USD/CNH is heading lower in the near term and is protected against a sharp correction by the high cost of shorting the yuan. With less than three months to go until the US elections the yuan will be on alert for rhetoric which could weaken it. Yet, thanks to contrasting monetary policies between the Fed and PBOC there is a built in defense mechanism. One year CNH forward points are running at the highest since late 2017, even though spot USD/CNH has been steadily falling for several weeks. The forwards reflect lower USD yields and the PBOC putting rate cuts on hold. And with the PBOC moving away from expansive monetary easing that will sustain relatively high yuan yields. In contrast the Fed is in no position to end its very accommodative policy with the U.S. economy in contraction. Which means it is expensive to short the yuan and that could deter some traders from selling aggressively in the near term. As long as the PBOC continues to maintain an orderly fixing regime the downside for CNH is limited.
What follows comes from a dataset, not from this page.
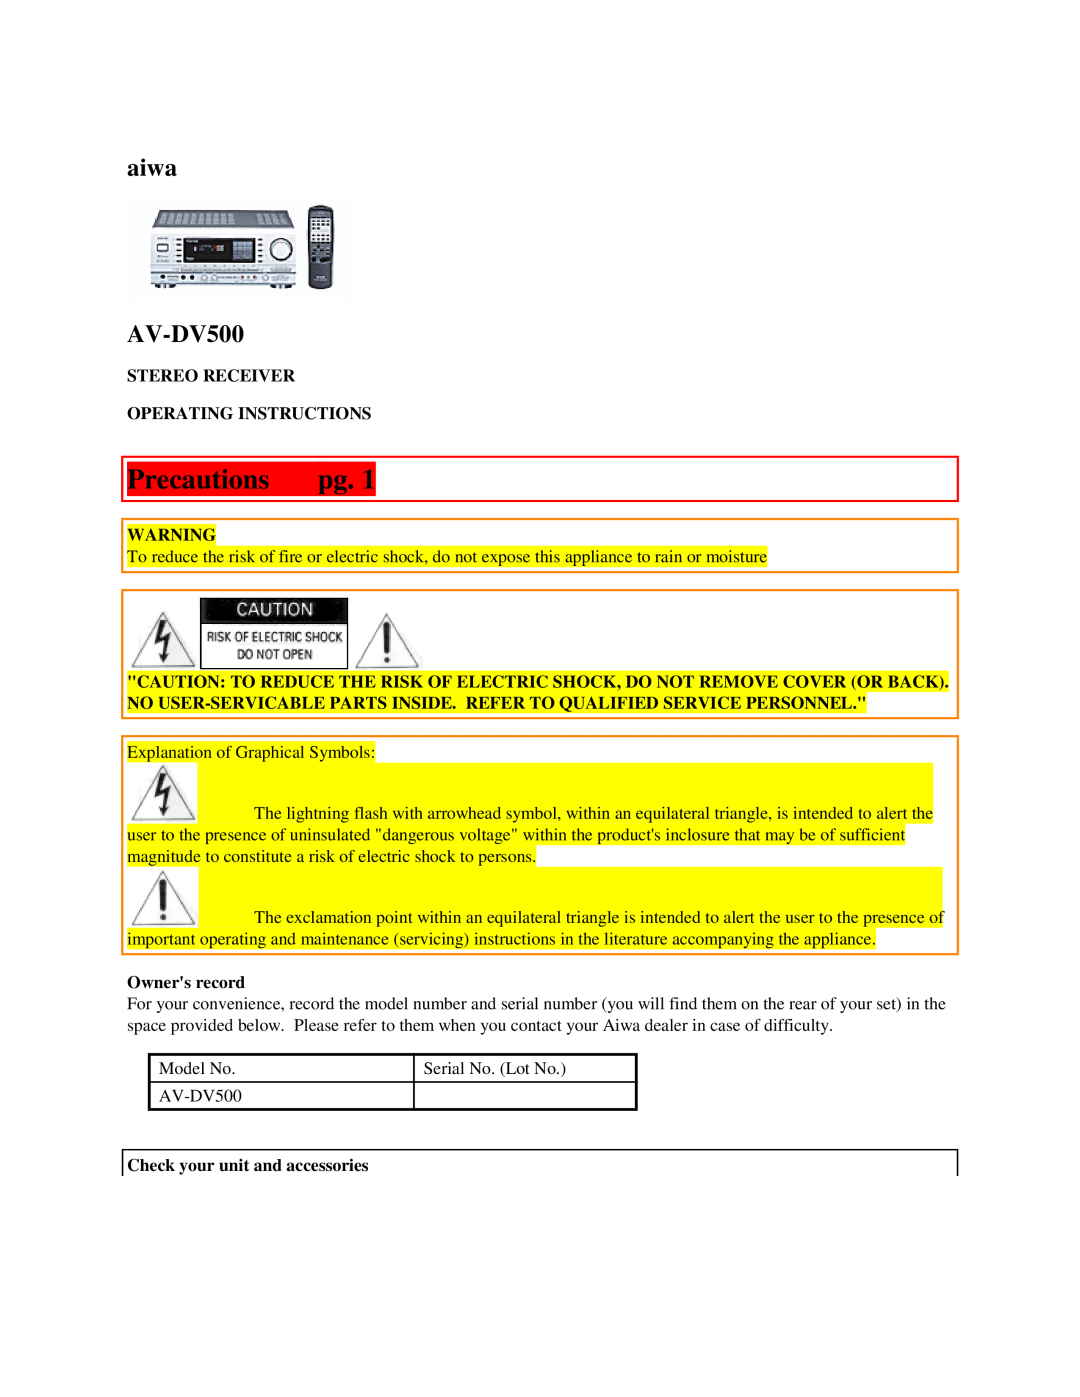 Aiwa manual Precautions, aiwa AV-DV500, Stereo Receiver Operating Instructions, Owners record

Some of the ingredients above are true, and I have seen so, so many reports that are so, so much worse. Pages must be filled I suppose. (Look who’s talking! I just filled a whole in and most of you didn’t notice! J) To dismantle this salad:

Yes, China has higher rates, which strangely didn’t matter in FX two days ago…but it hasn’t slashed rates because it CAN’T; and it can’t because it is trying to hold a soft peg against USD with not enough FX reserves to back it up, relatively even with capital controls. Yes, there is going to be a US election –and a trade deal review– and this is virtue signal to say ‘we are playing nice!’…because they know what happens if they don’t: it isn’t CNY positive at all. Yes, it is expensive to short CNY, just as it is to short TRY, which has not saved it once the US ran out, has it? And, yes, the PBOC certainly has “an orderly fixing regime” – which is another way of saying it IS NOT AN ACTUAL FREE MARKET, but one where we are TOLD what the value is and where capital controls prevent any ‘haggling’. Why is this obvious fact slathered in layers of mayo to try to disguise how unpalatable it actually is?

Is this all clear on a hazy summer day? Allow me to summarise again:

We are deluding ourselves that we are recovering back to the status quo ante. We aren’t. We are deluding ourselves stimulus to shield us can be sustained forever everywhere. It can’t. We are deluding ourselves the US will be there next time for everyone as desired. It won’t be for some. So, yes, word-salad chefs, everything can look hunky dory due to marvellous, magical , magnificent central-bank liquidity, not the day-to-day jiggery-pokery,…right up until the REAL money runs out; which as Turkey and Lebanon prove, and China is desperate not to prove, is still USD and not the local equivalent. (And as Brazil, with rates art just 2% and negative real rates also risks showing – again.)

Or, if you are a real USD bear, then it is gold and not any fiat currency at all. In which case, real businesses should be panicking and markets collapsing, because a wrenching deflationary accounting and international-trade adjustment that will make the Covid crisis look like a normal day in the office is what looms for years during the transition away from fiat. Yes, you can buy stocks and gold in tandem and do well in the short term – but logically it’s word salad as an end-game.

Anyway, I leave you all to ice-cream, sun-cream, cold beer or wine, and what will no doubt be another very generous serving of word salad from the media today.